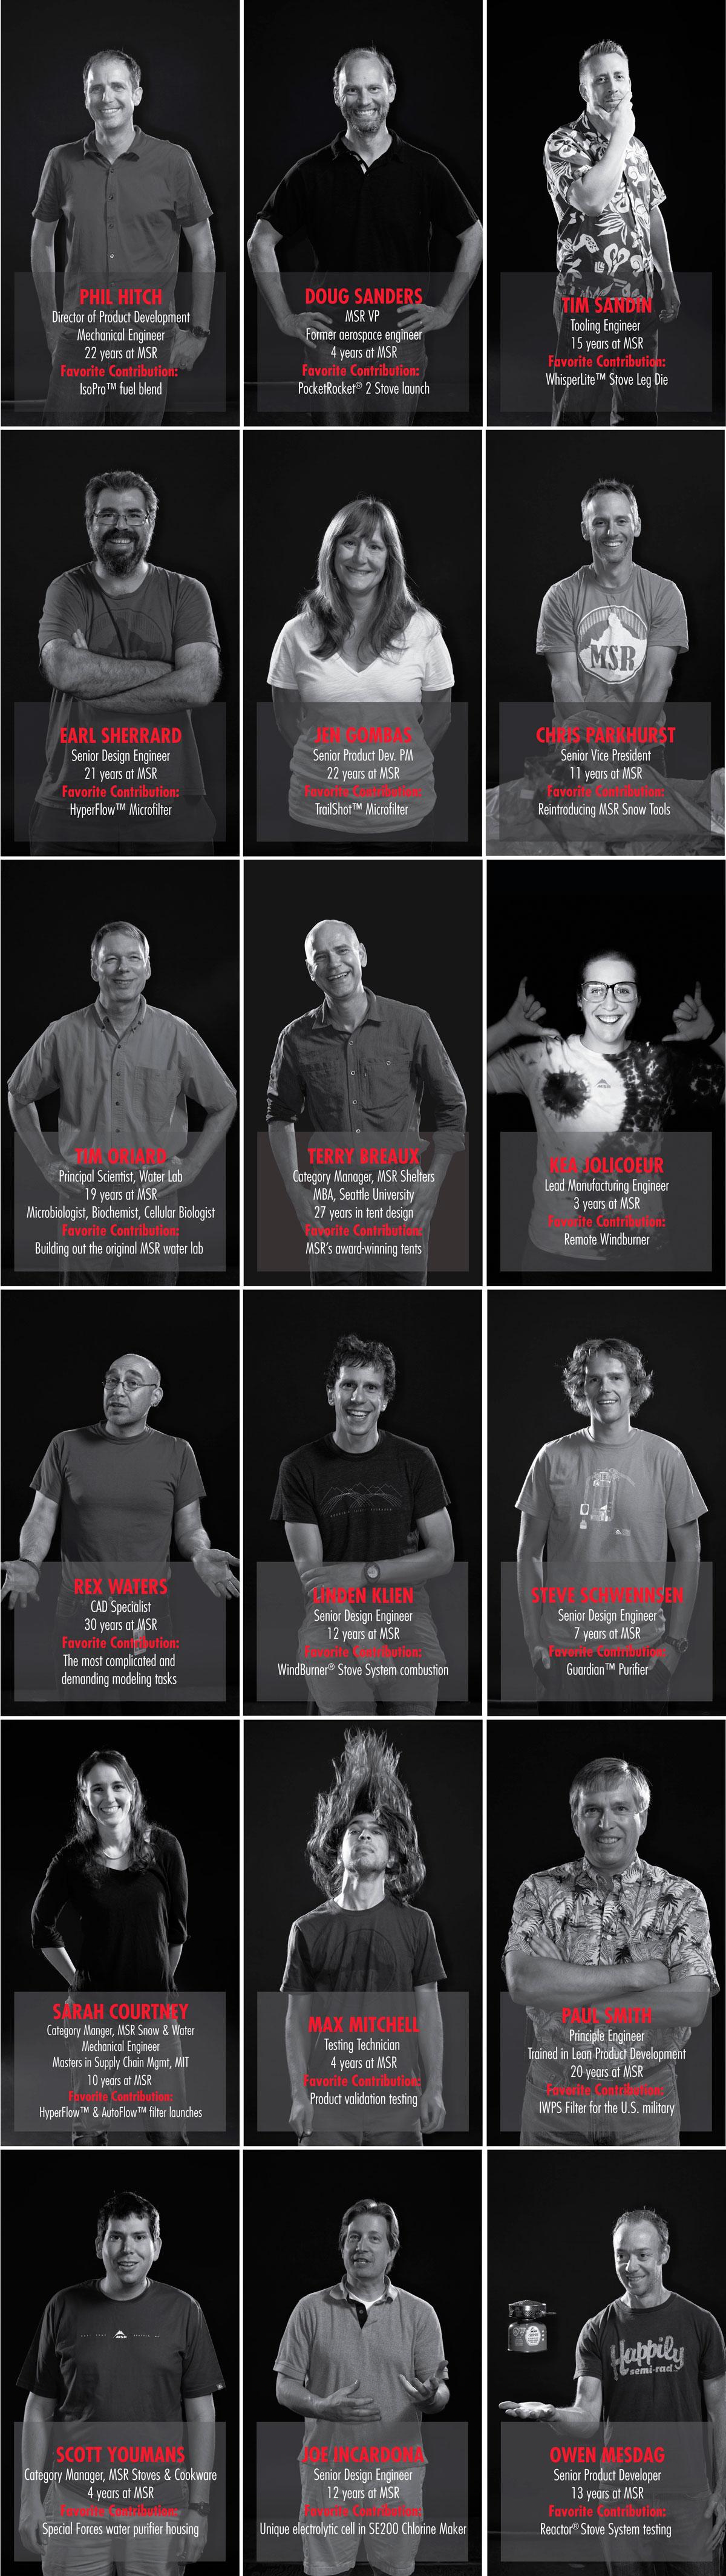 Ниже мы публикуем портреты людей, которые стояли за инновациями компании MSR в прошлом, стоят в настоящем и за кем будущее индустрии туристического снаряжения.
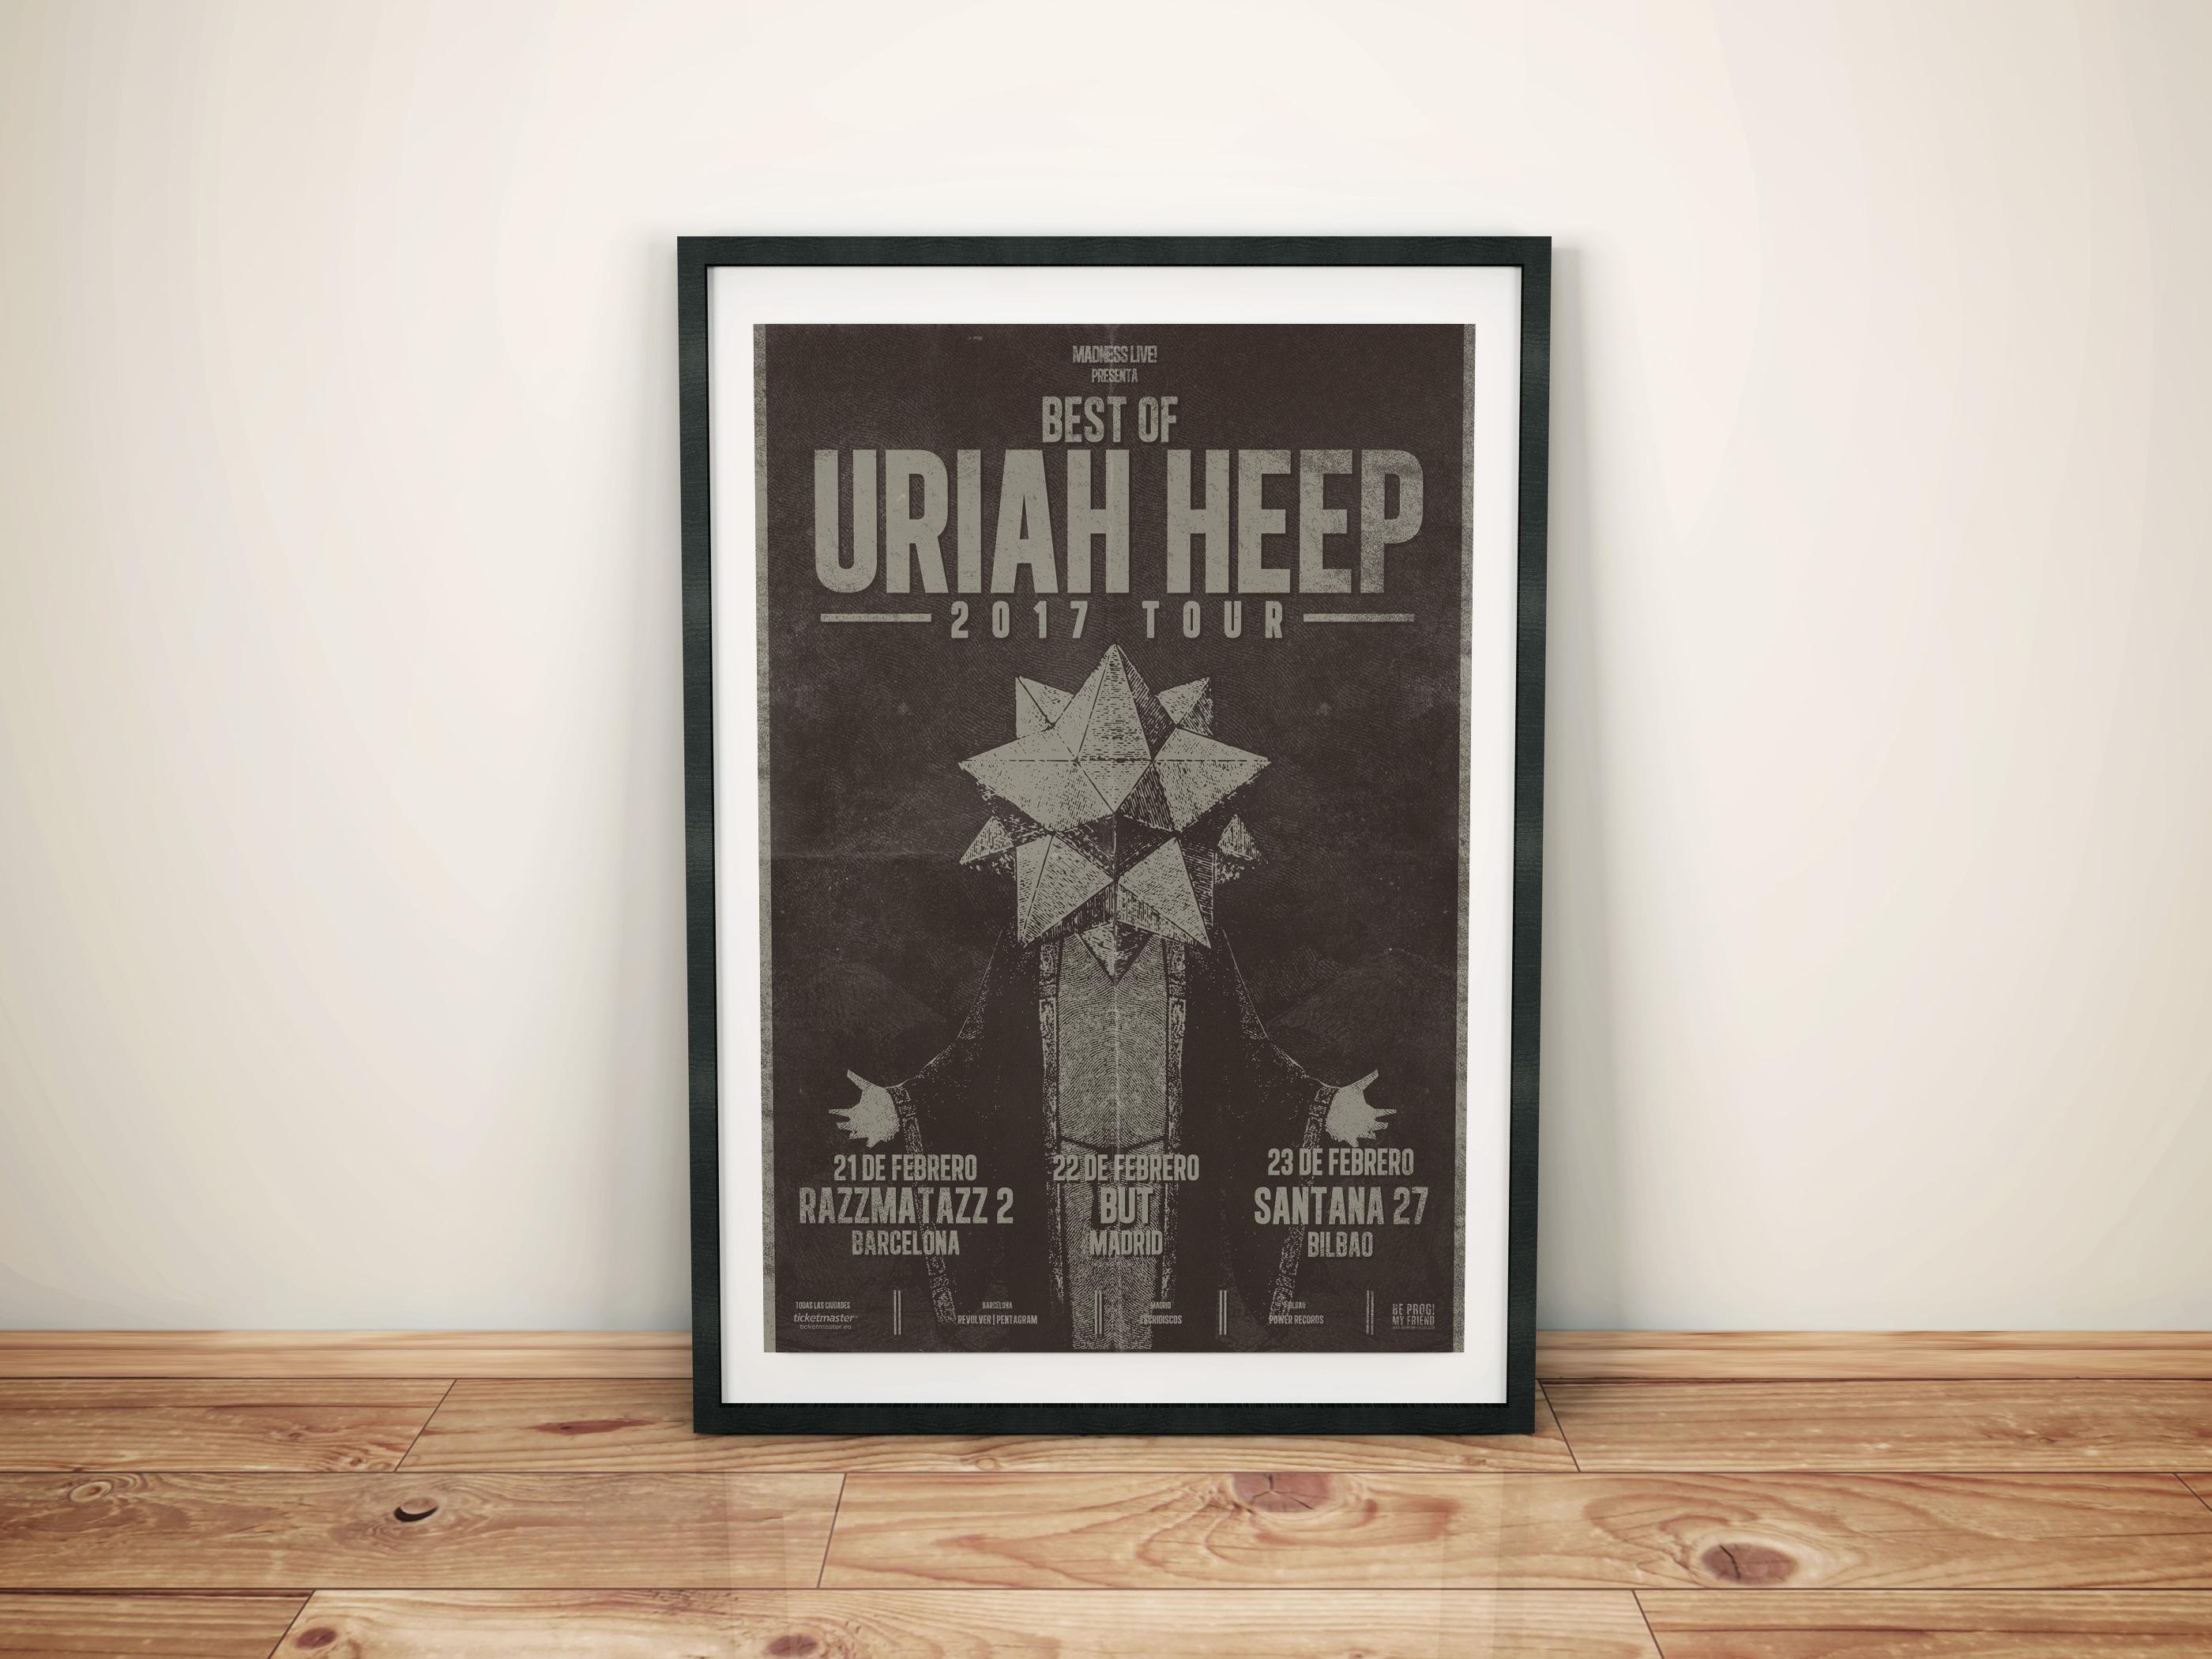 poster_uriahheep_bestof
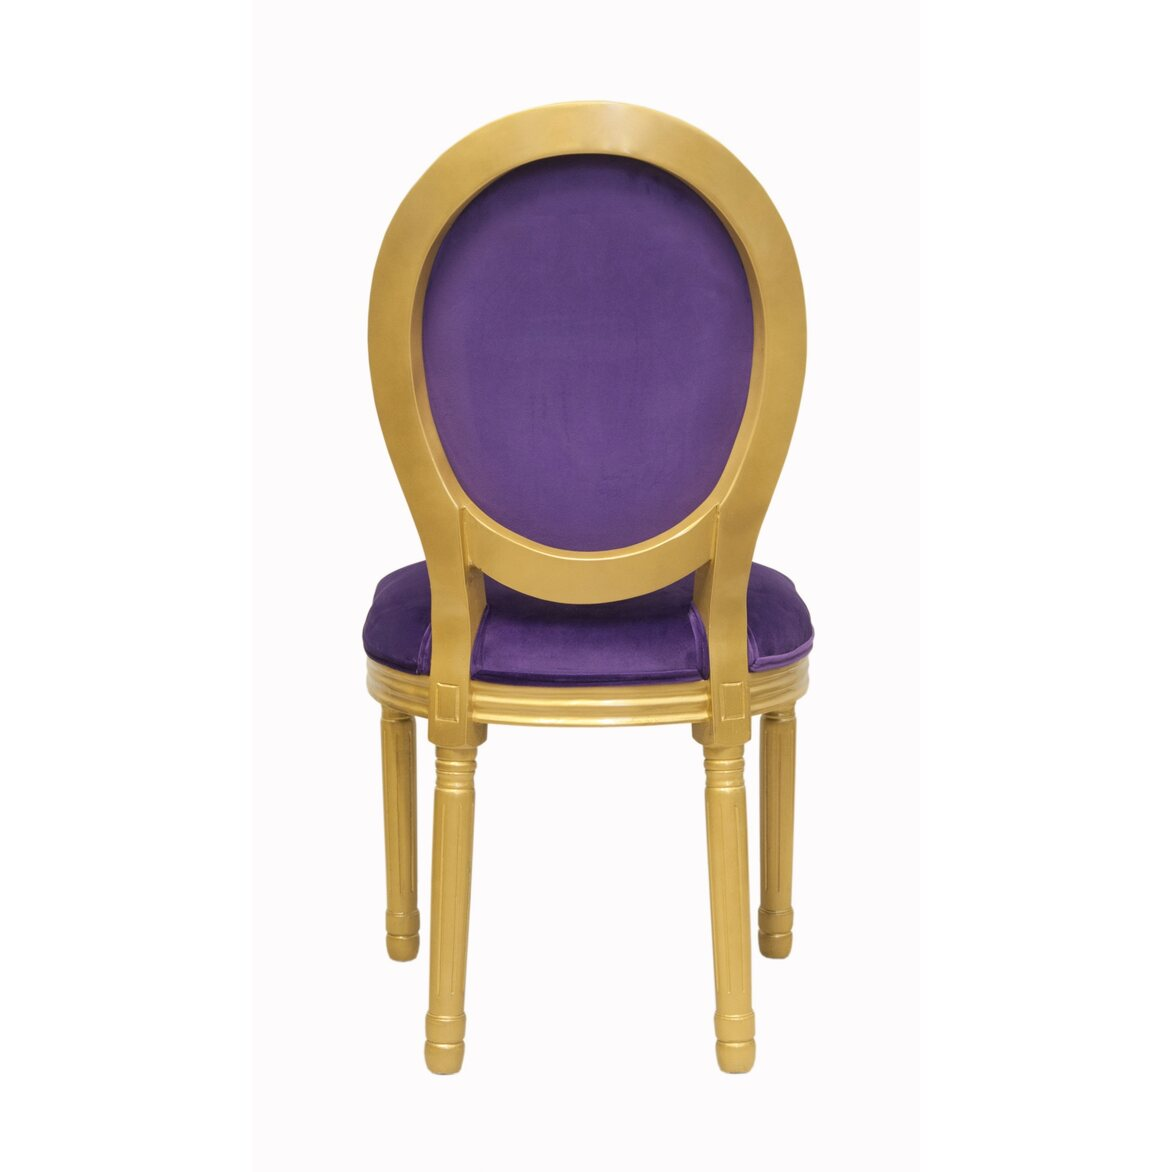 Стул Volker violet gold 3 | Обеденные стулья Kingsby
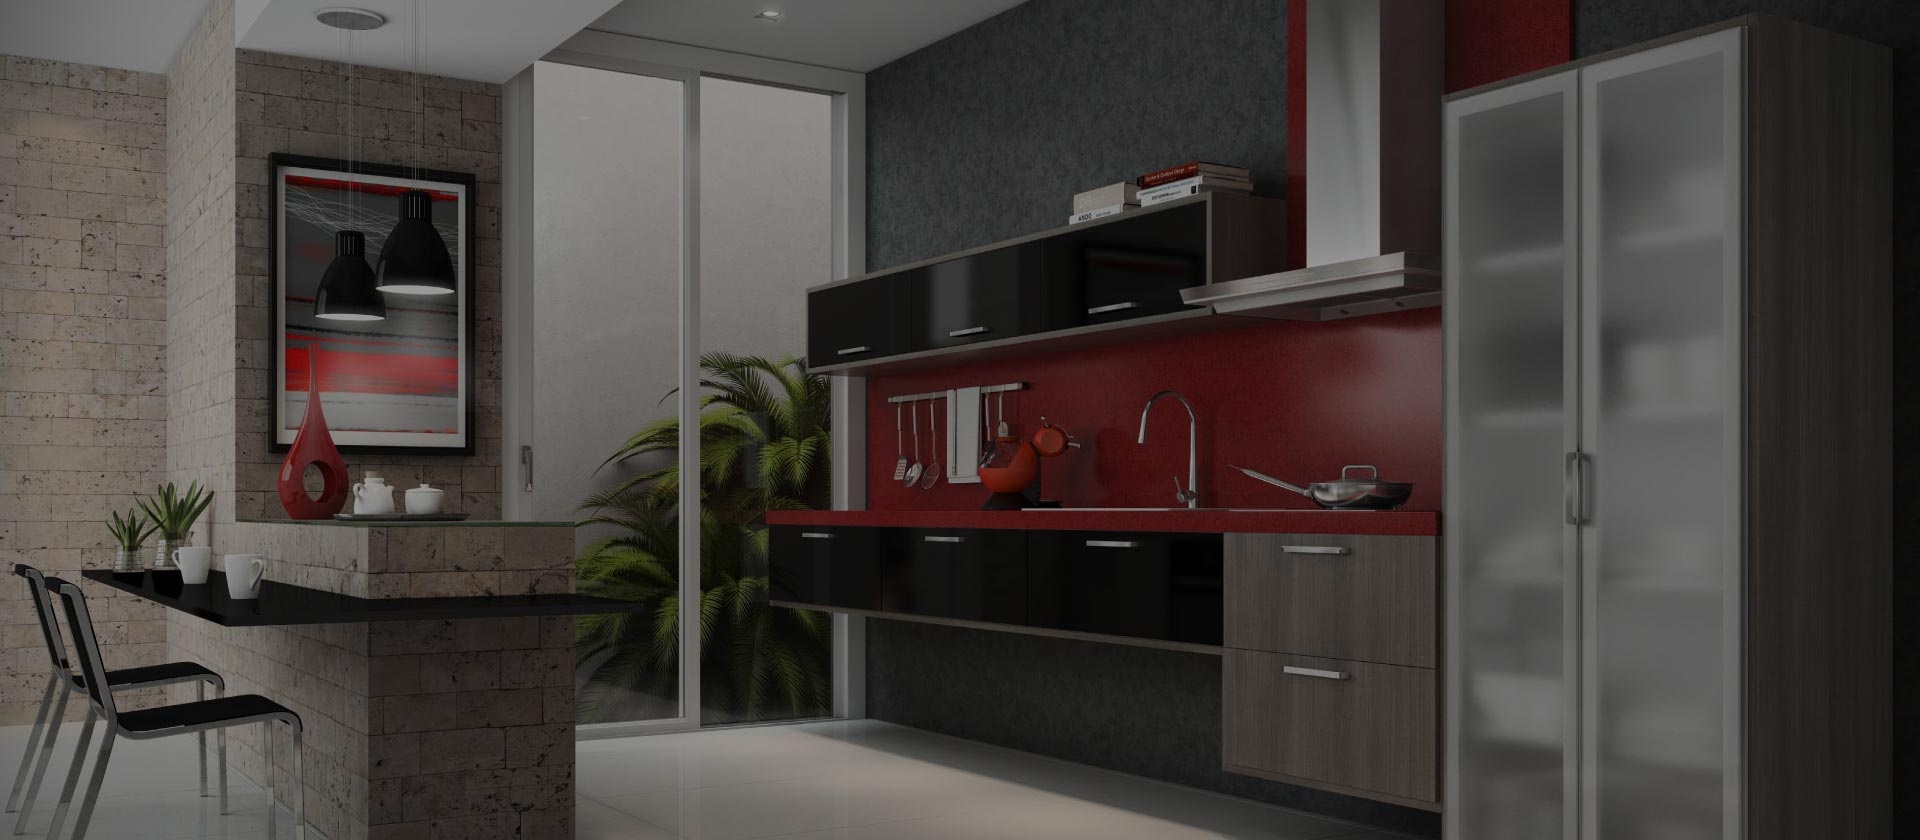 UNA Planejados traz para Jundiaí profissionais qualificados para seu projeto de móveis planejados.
--------
_Work item_
Please write out the entire listing above exactly, but leave the pictures out.

_Task answer_
 Ниже мы публикуем портреты людей, которые стояли за инновациями компании MSR в прошлом, стоят в настоящем и за кем будущее индустрии туристического снаряжения.
 poster_uriahheep_bestof
 Стул Volker violet gold 3 | Обеденные стулья Kingsby
 UNA Planejados traz para Jundiaí profissionais qualificados para seu projeto de móveis planejados.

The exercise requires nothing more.